Iraq's steadfastness in the longest war in the 20 th century, i.e., Iraq-Iran war, caused U.S.A, the greatest military power in this century, to avert from direct confrontation with the Iraq's forces which have set the best example for small countries to exercise freedom and protect sovereignty
Consolidating National Unity
Very seldom, a contemporary state is made of one nationality, most states have a minority or minorities
beside the national majority. History demonstrates that the nature of mutual relationship between the components of the
nationality structure of the state, whether with respect to homogeneity or heterogeneity exercises certain impacts on the
state behaviour. Contrary to heterogeneity and social discord, national homogeneity leads to political stability of the state and
to achieving its targets. Iraq is not different from the multiple- nationality states, where nationalities have since ancient times,
peacefully co-existed due to permanent common factors, material and immaterial, such as religion and common interests.
The above situation has counteracted the interests of the hostile, regional and international forces which, up to 1968, had sought destabilization and perpetual attrition to weaken and subject Iraq. The Revolution had inherited, among others, the so-called Kurdish question, which the leadership succeeded to solve peacefully and democratically out of the strong belief in the national rights for the Kurds and for those of other minorities within the framework of legal, political, social and economic unity of the Iraqi state.
The priority given to the Kurdish question was crystallized in legislating and issuing 11th march 1970 Proclamation for Kurdistan autonomy which was put into effect on 11 March 1974. It bestows two rights upon the Kurds: one as Iraqis and another right for autonomy. Prior to Autonomy Law no.23 of 1974 an amendment to the constitution was made by adding para: C which stipulates that "the region where the Kurds constitute the majority of the population shall enjoy autonomy"
The Autonomy Law contains 21 articles, distributed among three sections which deal with the bases of autonomy, its bodies, and the relationship between the central authority and the autonomous administration respectively. Under this law, the autonomous region is an inseparable part of the Iraqi territory, its people are part of the Iraqi people and shall have an administrative unit and an autonomous financial unit within the state financial unit and shall have its own budget within the state budget. The Autonomy bodies are part of those in the Republic of Iraq. The Kurdish Language is deemed an official language beside Arabic. The law also recognizes setting an elected, Legislative council.
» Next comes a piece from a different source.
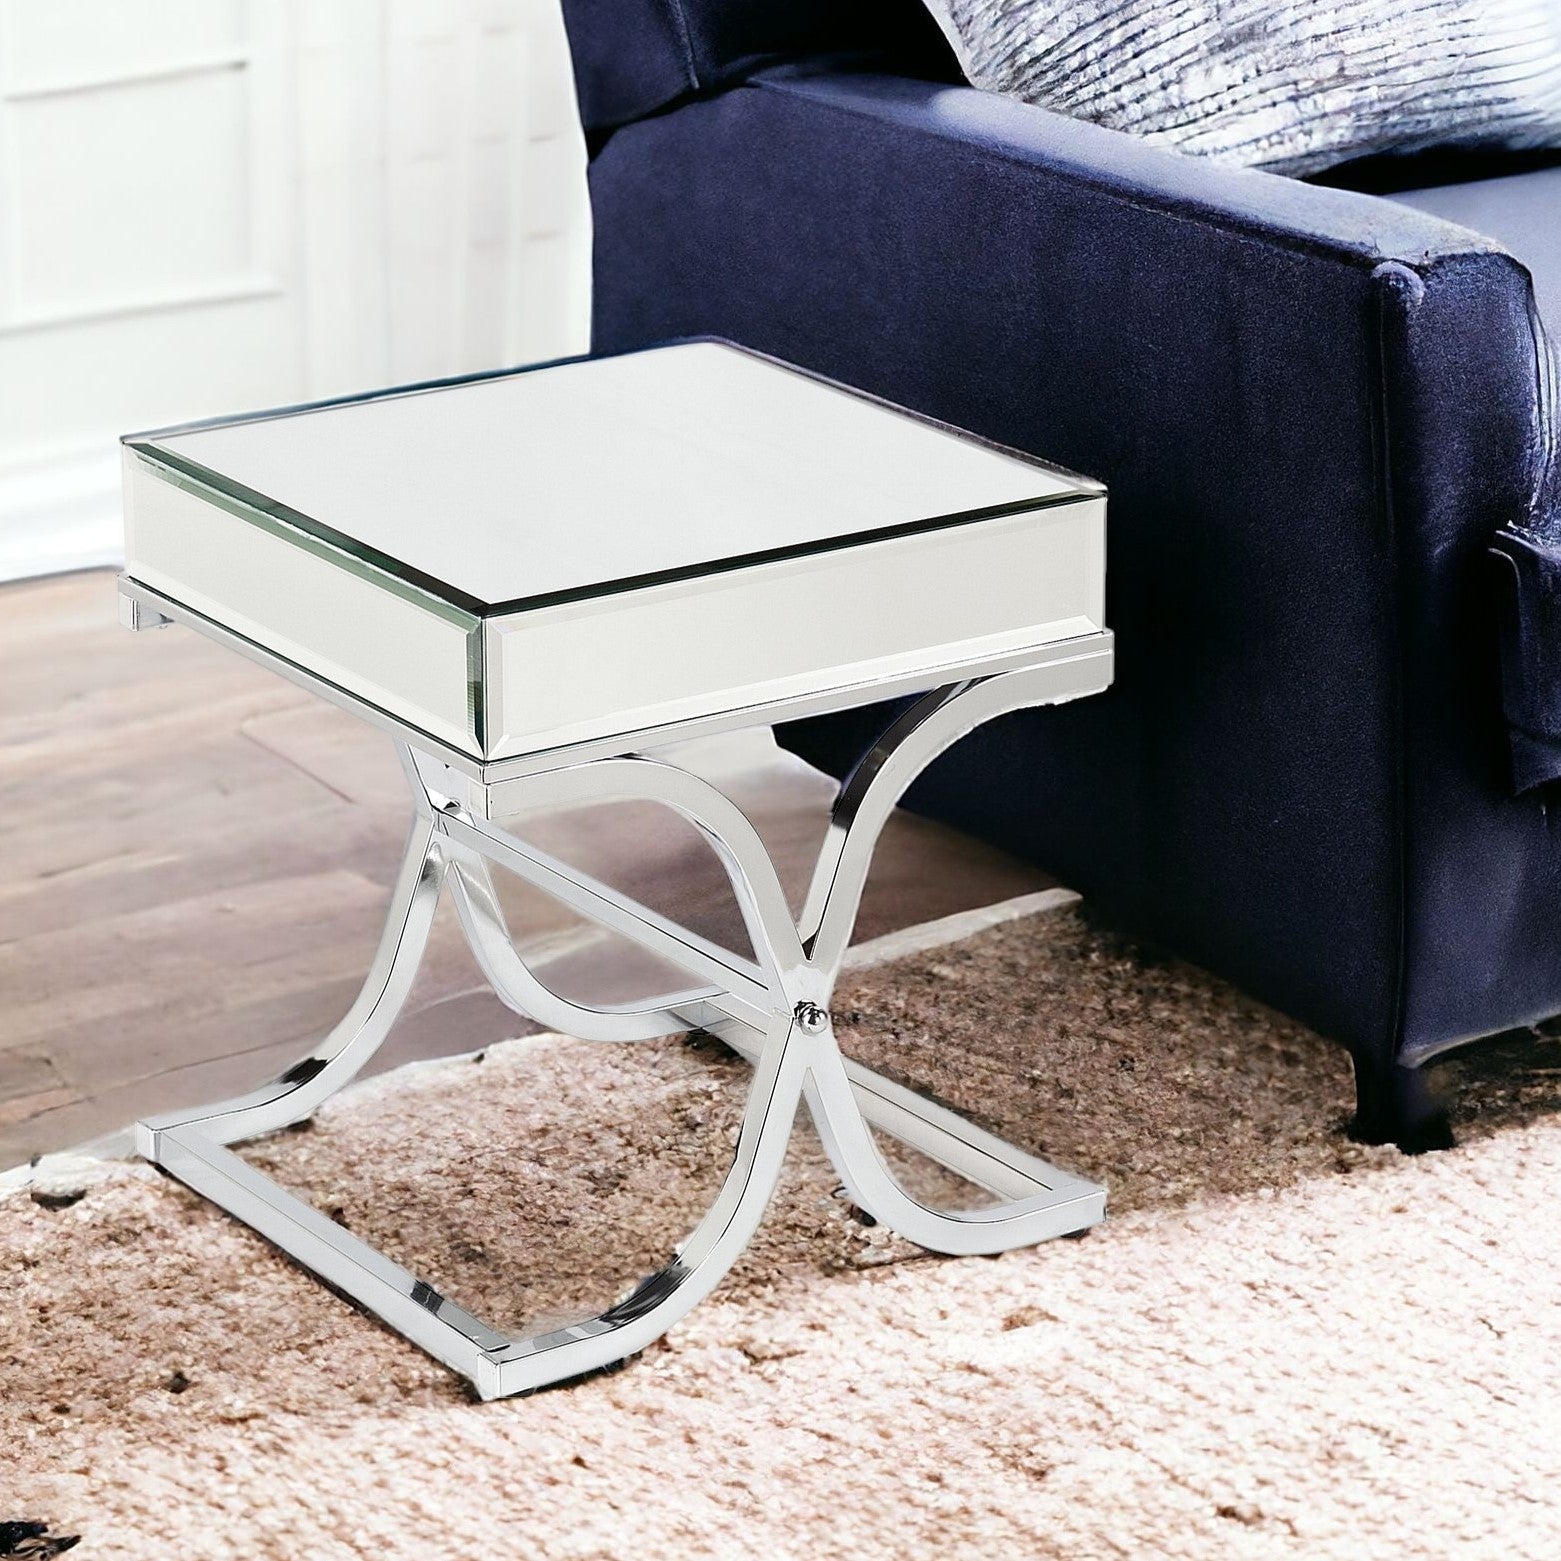 22" Silver Glass Square End Table

The solution of the kurdish question via Autonomy which was an embodiment of the belief by the Revolution in the rights of all the people in the country has aroused anxiety and apprehension of the hostile forces in the region and in the other parts of the world because of the solution multi-dimensionality, particularly in putting an end to the foreign employment of this question to busy Iraq and distract it from achieving its national and Arab objectives. Yet these hostile forces continued exploiting the Kurdish forces to serve their own interests including the suspension of the constructive dialogue between the central government and the Kurdish leaderships, the last dialogue being in 1991. Mukkram Al-Talabani admits that U.S.A. and some neighbouring countries pressurized the Kurdish side\to abort the dialogue.
The principled and humanitarian attitude towards the Kurd citizens had been previously adopted to the Turkmans and other minorities and had culminated in the Revolution Command Council resolution of 1970 which recognized the cultural rights for all minorities in Iraq. That resolution was put in to force in 1973. The unique approach taken by the Revolution to handle the non-Arab nationalities within its borders endorses the influence of the Arab heritage and the human nature of the Revolution and its firm belief in democracy and national unity, in addition to its self confidence in the right policy it pursues.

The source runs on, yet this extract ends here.